On the other hand, people who want to talk about making large changes to address an entirely hypothetical possibility of a significant amount of voter fraud are generally expected to have at least something to back themselves up beyond making the entirely unsupported assumption that people would do it if they thought they could do it, and adding the further unsupported assumption that voter ID laws would have any impact on any method of voter fraud that was able to significantly impact on elections.

11 Likes

National holiday. Too many people work in low paying service industry jobs that don’t close on the weekend. Besides, let’s celebrate that we get to vote. I want fireworks bigger than the Fourth of July on Election Day!

16 Likes

But nobody here has done that.
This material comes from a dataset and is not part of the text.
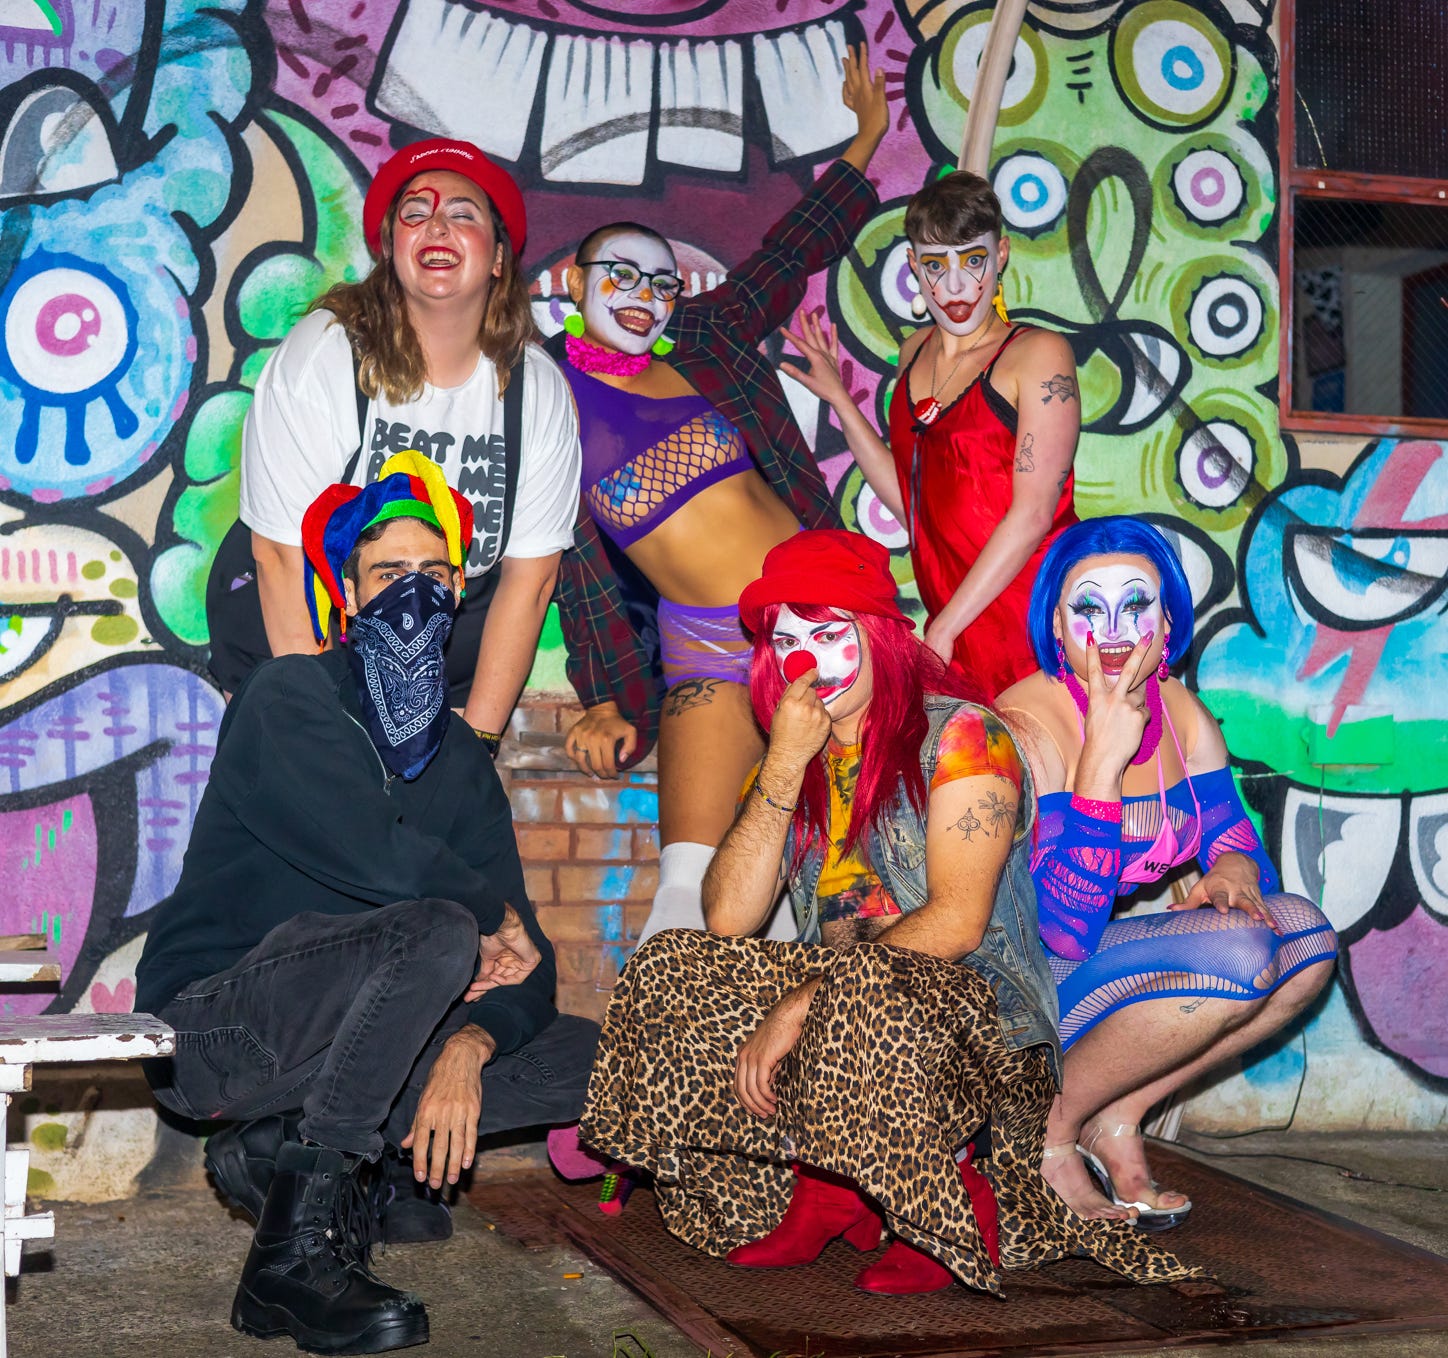 Caty, Cochina Divina, Cassidy Dawn Graves, Jester of No Court, Babz, and Tank pose in clown outfits in front of colorful wall mural outside queers n peers variety show

Instead, you are the one repeating variants of the phrase “voter fraud is an issue” while everyone else is providing you with overwhelming evidence from many difference sources that your concern is entirely unwarranted.
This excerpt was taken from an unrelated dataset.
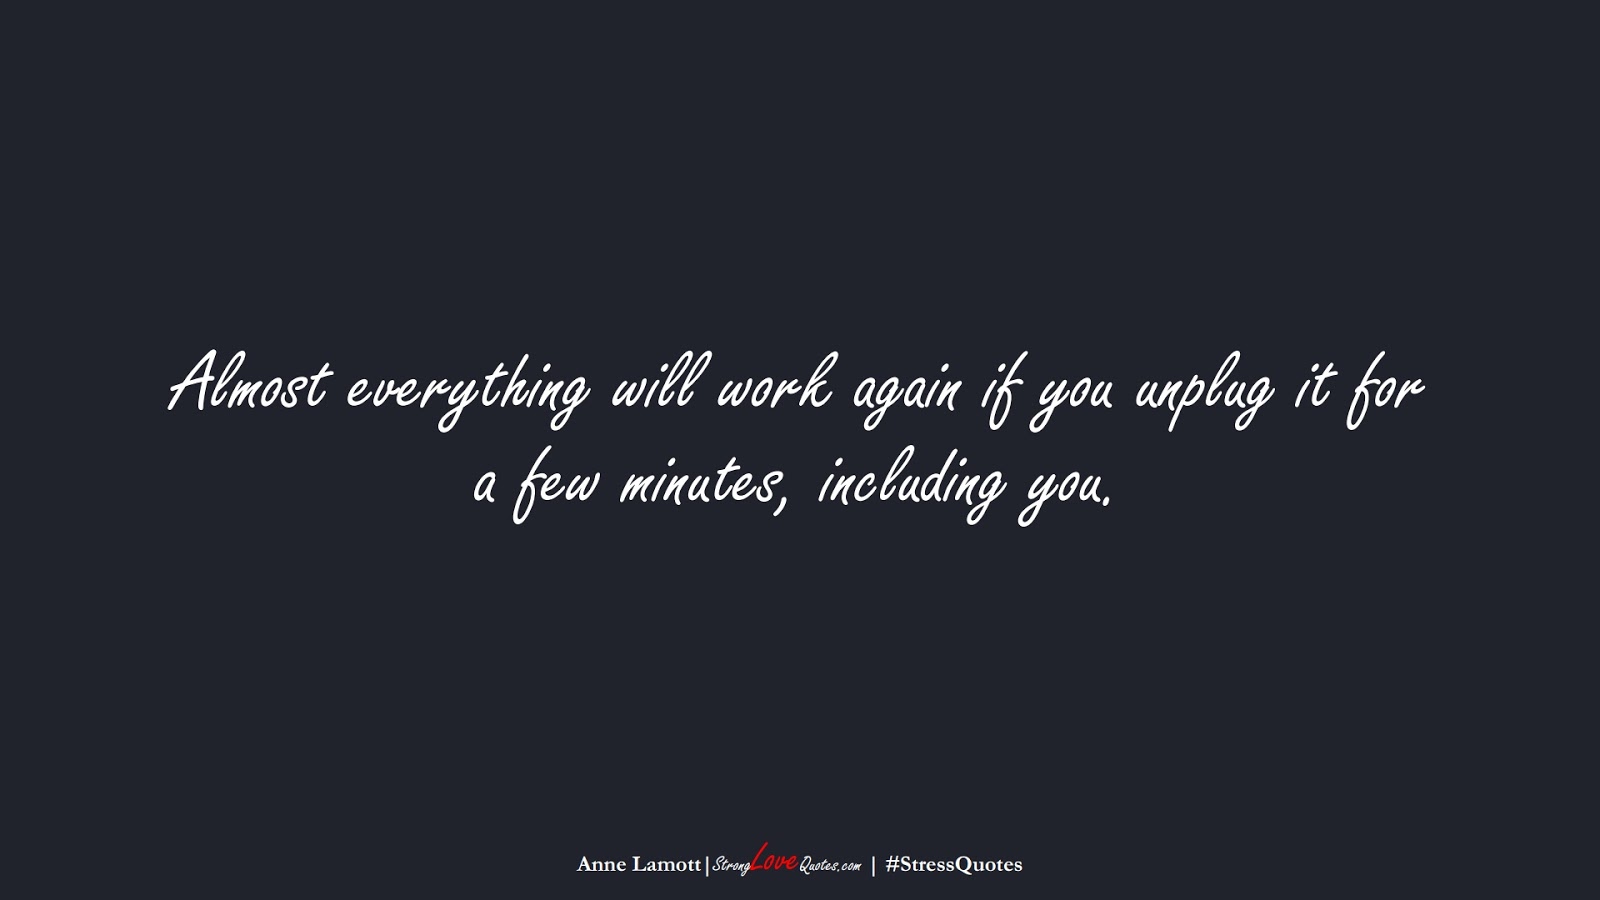 Almost everything will work again if you unplug it for a few minutes, including you. (Anne Lamott);  #StressQuotes

It’s time to either declare that the reason you can’t get off your one-note ‘concern’ is because you want to believe the lies, or else read some of the evidence you’ve been provided and educate yourself.

12 Likes

That’s incorrect. That’s basically what the Voter ID law replaced, though your specific list isn’t exactly correct. The strict ID law permitted only these: a state driver’s license or ID card, a concealed handgun license, a U.S. passport, a military ID card, or a U.S citizenship certificate with a photo.

8 Likes

That is gonna discriminate against those who eat christmas pie for breakfast…

7 Likes

I never liked that Horner guy’s politics, anyways.

8 Likes

There are existing methods.

What about them, in your non-statistically-backed-up-opinion, makes them unreasonable?

7 Likes

Eating Christmas Pie in November?

Another victim of Holiday Season Creep,

10 Likes

(ETA: You said pretty much everything that I went on to write, except I didn’t finish reading the entire post)
I’d suggest (but don’t know for certain) that those with lower-incomes are more likely to change addresses more frequently than those with middle- or high-incomes. So on top of all the PITAs that come with moving, one has to make a trip to the DMV to obtain an ID card with the new address. Most certainly, there’s a fee involved with this – an indirect poll tax, if you will, if ID is required for voting.
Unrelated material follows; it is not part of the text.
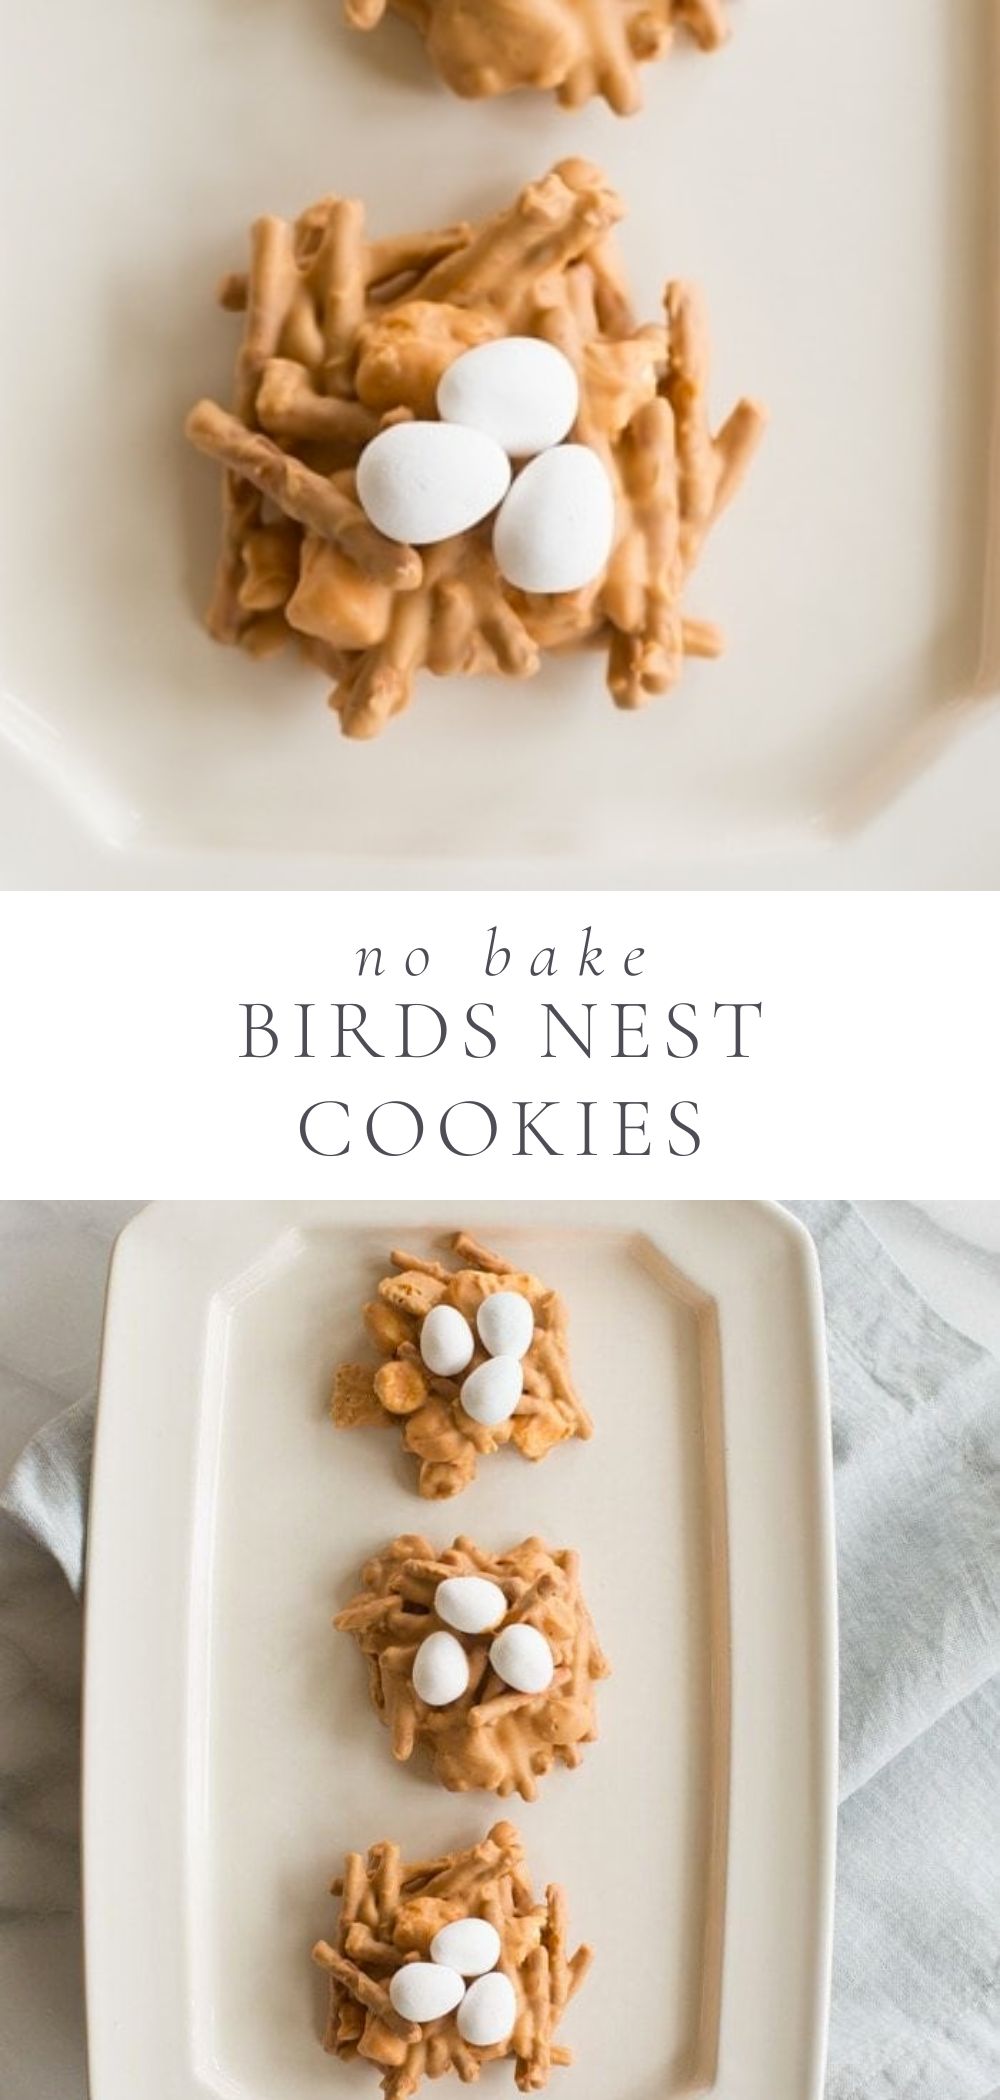 no bake birds next cookies are displayed on a white platter

I could say with more certainty that this would broadly affect college students who don’t live with their families.

11 Likes

That illustration makes it look like Jack Horner just killed Pac-Man and plucked out his eyeball.

8 Likes

Thereby disenfranchising amputees. Or, if you do allow amputees to vote, then you’re clearly encouraging voters to commit fraud en masse by undergoing amputation after voting so that they can vote twice, just like those old-timey guys who used to grow beards prior to the elections so they could vote, shave, and vote again.

3 Likes

Sad to say, but given Afghanistan’s history of punitive measures under the Taliban I’m sure they’ve had to figure out workarounds for voters who were missing hands.

4 Likes

Yeah, in order to actually swing an election at the polls via voter fraud would be to have busloads of people going around to every polling place all day. You couldn’t even have people voting twice at the same place because there would be too great a chance of being recognized. Ultimately for the fraud to have any measurable effect there would have to be a lot of people involved, and the more people involved the greater the probability it would get revealed.

9 Likes

And in addition to transportation to different voting locations, they would need to spend the time needed to go through the line. Which will usually take at least some time for each person, and which tends to take longer in poor areas…

5 Likes

Agh! Cannot UnSee!

7 Likes

This is something I find amusing about the topic- this argument for fraud not being a problem is basically the same argument for not voting. A few votes here and there don’t affect the results, so why does suddenly EVERY VOTE MATTERS just because the topic is voter turnout instead of voter fraud.

a gut feeling often attributed to racism, but a gut feeling none-the-less.

7 Likes

I get into the exact same discussion with people who claim that underpants gnomes are a significant problem.
They got me, though – I’m still trying to figure out a way to prove that they don’t exist.

6 Likes

Ah, but can you prove that it is not happening? Sounds like you might even have experience in organizing such activities, comrade.

3 Likes

Then how about this? How about we not prove a negative, you prove the positive, and then we can expend what turn out to be considerable resources to solve the problem for which there is ZERO evidence for at the scale people are concerned about? You want to chase magical underpants voting gnomes on your suspicion there’s a problem? Do it on your own dime.